Полина благодарно улыбнулась. Илья тактично не стал задавать вопросов на этот счет, однако интерес маячил где-то неподалеку. Кто этот мужчина? Чем он ее обидел? И как вообще можно обидеть такую женщину, как она? Это, как минимум, опасно для жизни. Ну а если без шуток, чаще всего мужчины восхищаются той утонченной красотой, что Полина собой являла. Сам Илья на это права не имел — помнил, о чем его предупреждал Альберт Вебер. Но его же здесь нет? В таком случае, почему бы не отметить для себя, что у Полины проникновенно-глубокий, тягуче-печальный взгляд, хрупкие, на вид холодные пальцы, которые хочется согреть, и приятный слуху голос? Она забавная, где-то наивная и совсем не высокомерная. И пусть Альберту об этом знать необязательно, но сейчас Илье было приятно проводить с ней время. За это ведь ему наказание не полагается? А даже если и так — пускай. Он не делает ничего предосудительного. Даже в мыслях.
— Почему ты жалеешь, что дрался сегодня, если тебе это нравится?
Илья прислоняясь лбом к обжигающе холодному парапету.
— Вот блин... А я уж обрадовался, что мы закончили говорить обо мне.
— Не дождешься, — шутливо злорадствовала Полина, с трудом удержавшись от того, чтобы не изобразить дьявольский смех. — Так почему? М-м?
Гордеев подбоченился, развернувшись к ней всем телом.
— И откуда ты такая почемучка?
Она прижалась щекой к плечу, видимо, решив вывести Илью на чистую воду открытой миловидной улыбочкой. И это подействовало. Безотказно.

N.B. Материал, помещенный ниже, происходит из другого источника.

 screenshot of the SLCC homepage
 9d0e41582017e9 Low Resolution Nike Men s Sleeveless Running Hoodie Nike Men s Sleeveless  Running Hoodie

— Я пошел в «подполье»... как бы это сказать... назло. Это было моим решением, но в то же время, я не принимал его осознанно. Хотя это и не оправдание.
— Кому назло? — не отставала Полина. — Своей девушке?
Илья сощурился, с наигранным подозрением сканируя ее заинтересованную физиономию.
— С чего ты это взяла?
— Не знаю. Первое, что на ум пришло. Если это личное — можешь не отвечать, — она снова улыбнулась для верности. — Ты не обязан.
— Нет, дело не в этом. Но в твоем предположении есть доля истины, — не стал темнить Илья: раз уж позволил Полине донимать себя расспросами, справедливо будет идти до конца. — Моя девушка... — он досадливо зажмурился, помотав головой. — То есть... бывшая девушка ненавидела то, чем я занимаюсь. Она не понимала, зачем мужики бьют друг другу морды, собирая вокруг себя толпы народу. Мол, какой в этом смысл? А я особо и не пытался объяснить. Она бы не поняла — слишком далека от всего этого.
Полина медленно кивала, силясь разглядеть что-то в непроницаемом выражении лица своего телохранителя. Но сейчас оно было нечитаемым, и она не смогла.
— Значит, бывшая? — Полина решила идти ва-банк, ничуть не стесняясь своей прямоты.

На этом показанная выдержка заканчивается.